Hello,
I was having this problem but I resolved it after much trial and error.
I have a tab on a window and I wanted each user object tabpage within the tab to refer to a windows function. I have several user object datawindows on each tabpage and I want them all to have the same data and properties so I use the window to keep them in synch.
To do that, each tab page declares and instance variable of that that window object. When I open the window, I set the instance variables for each tab page to "this", for example
tab_1.tabpage_1.i_parentwindow = this
tab_1.tabpage_2.i_parentwindow = this
......
The tabpages can refer to i_parentwindow to communicate with each other.
My problems started when I started doing this. I could not edit the source for any user object tab page and save it - and worse, the user object would get deleted no matter what I did, even if I declined to save it after getting the error. Sometimes I could and I thought I had it solved but the problem would always come back randomly.

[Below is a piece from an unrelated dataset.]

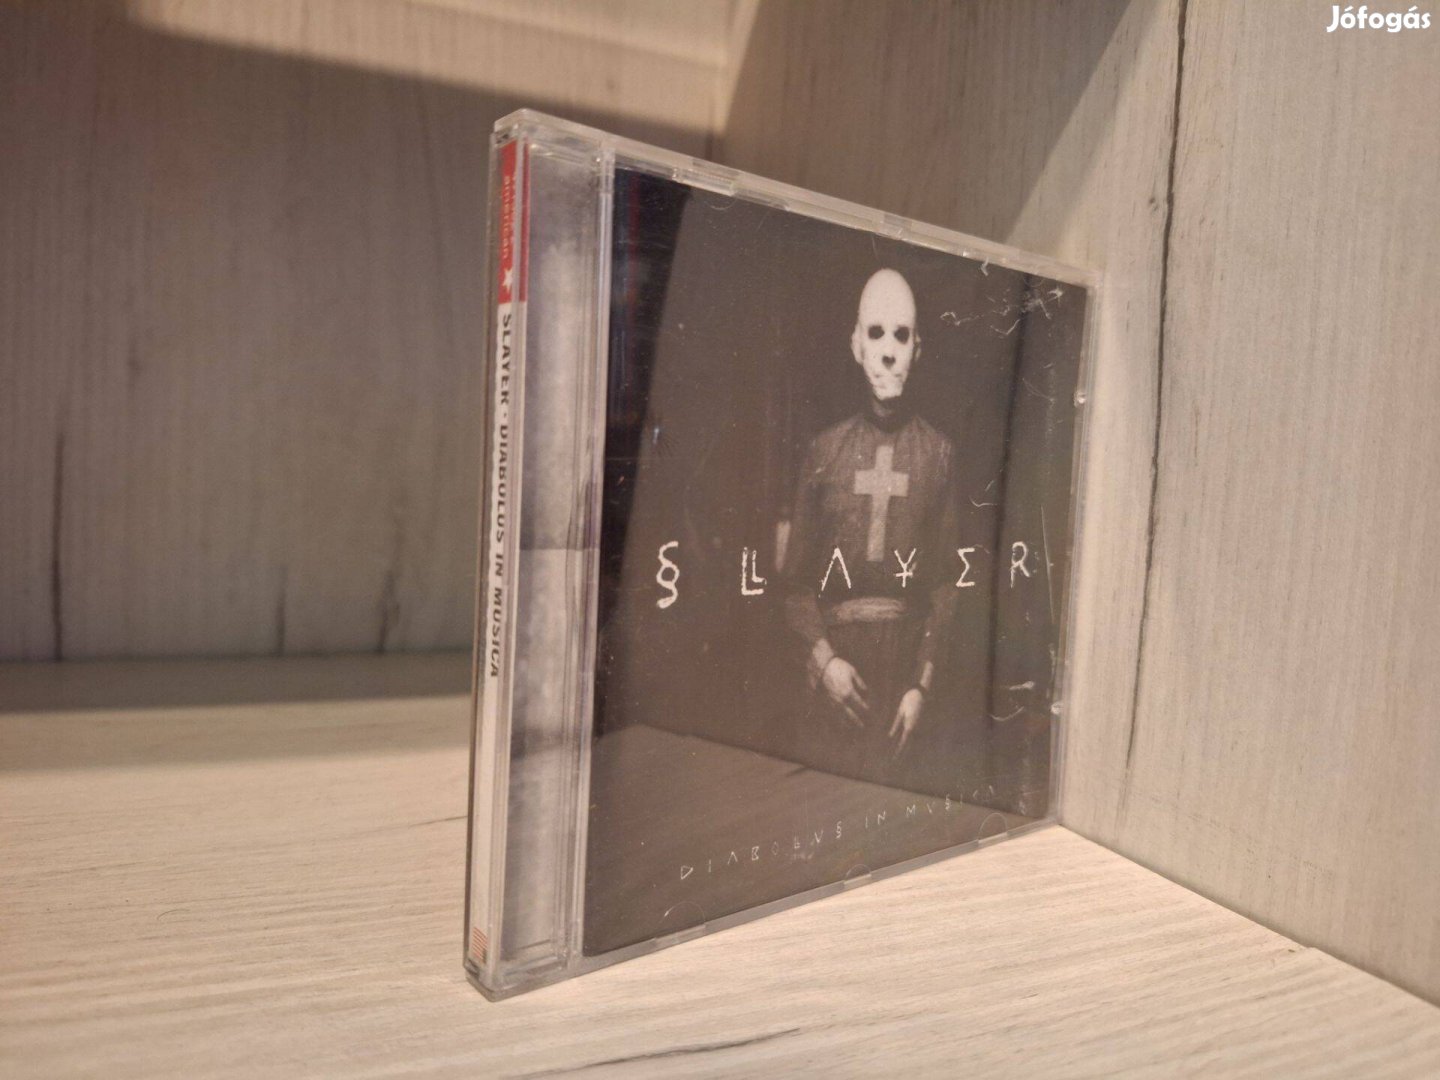 Slayer - Diabolus In Musica CD

Then I took out this instance variable and simply had the user objects refer to the window object rather than an instance variable. When I open the window, I open the Window object rather than declare an instance of it and open an instance. I can no longer open multiple instances of that window but I don't need to do that.
There is probably a more elegant way to accomplish what I want but this is now working well and without error.
With this approach, you do not utilize the default global window variable (w_xxxxx), which allows multiple instances of the window to exist, and you avoid the issue using the "this" pronoun.